American Recovery and Reinvestment Plan: President-elect Obama's remarks in Bedford Heights, Ohio


Source: The Wall Street Journal


Obama’s Remarks on the Economy in Ohio

The prepared remarks of President-Elect Barack Obama in Bedford Heights, Ohio at an economic town hall-style event.

I want to start by thanking the folks here at Cardinal Fastener for the tour you just gave me. The story of this company – which began building wind turbine parts just two years ago, and is now poised to make half its earnings that way – is that a renewable energy economy isn’t some pie-in-the-sky, far-off future. It’s happening all across America right now. It’s providing alternatives to foreign oil now. It can create millions of additional jobs and entire new industries if we act right now.

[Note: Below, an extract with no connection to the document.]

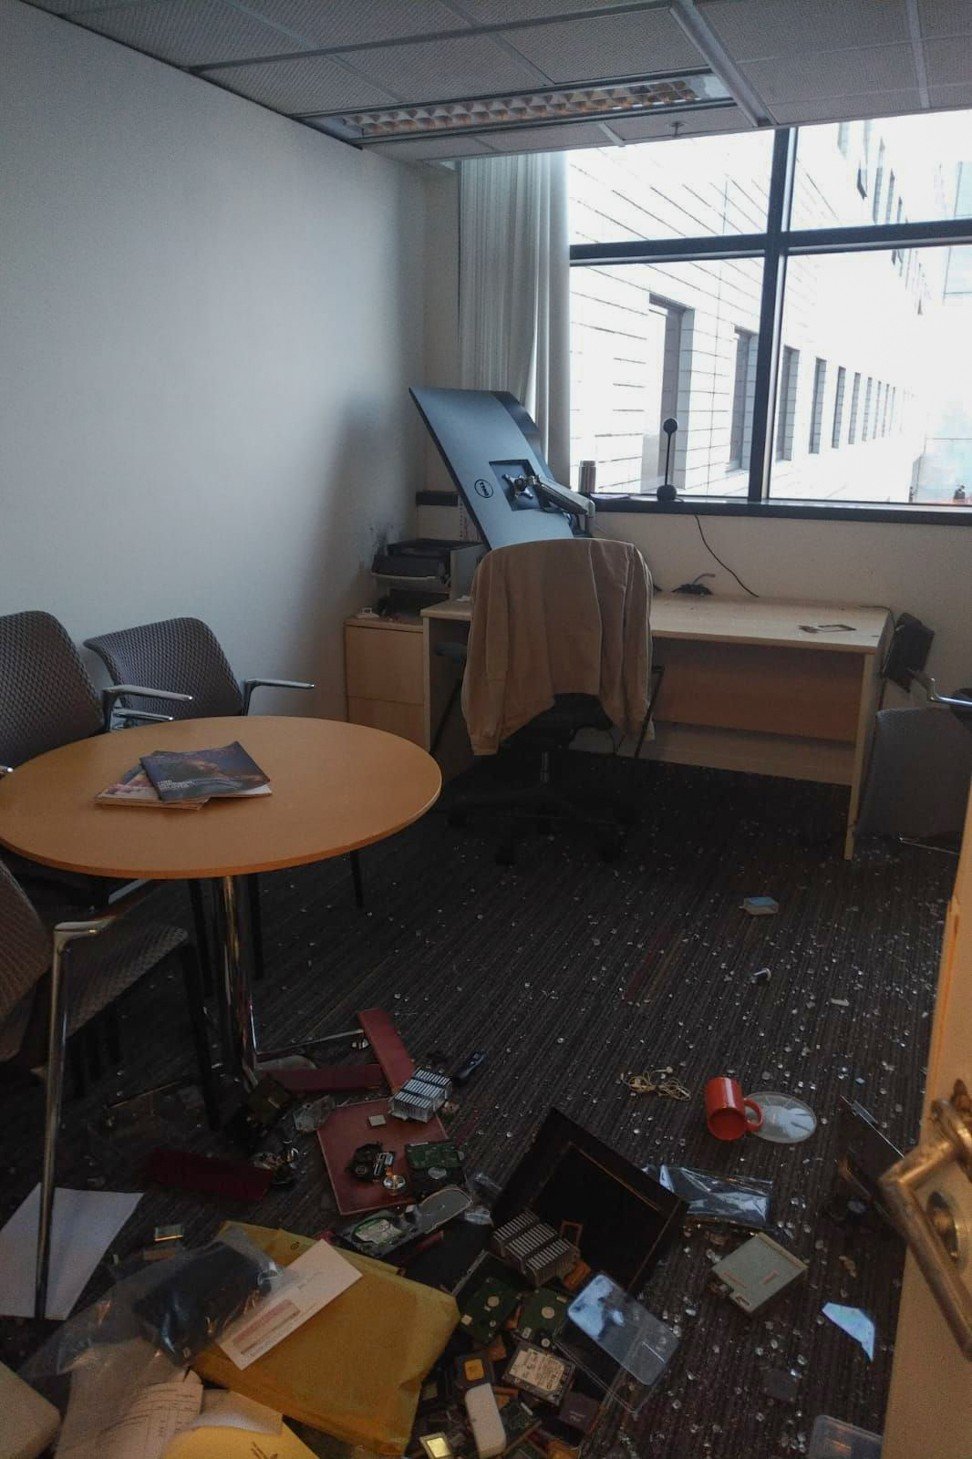 電子和計算機工程系的一名大陸人教授徐江教授的辦公室上周五遭到暴力抗議者的毆打。照片：徐江

The need for this action has never been more urgent. We’ve started this year in the midst of a crisis unlike any we’ve seen in our lifetime. Last month, we lost more than half a million jobs – a total of nearly 2.6 million in 2008. Another 3.4 million people who want and need full-time work have had to settle for part-time jobs. With each passing day, families here in Ohio and across America are watching their bills pile up and their savings disappear. And economists from across the spectrum tell us that if nothing is done, and we continue on our current path, this recession could linger for years – and America could lose the competitive edge that has served as the foundation for our strength and standing in the world.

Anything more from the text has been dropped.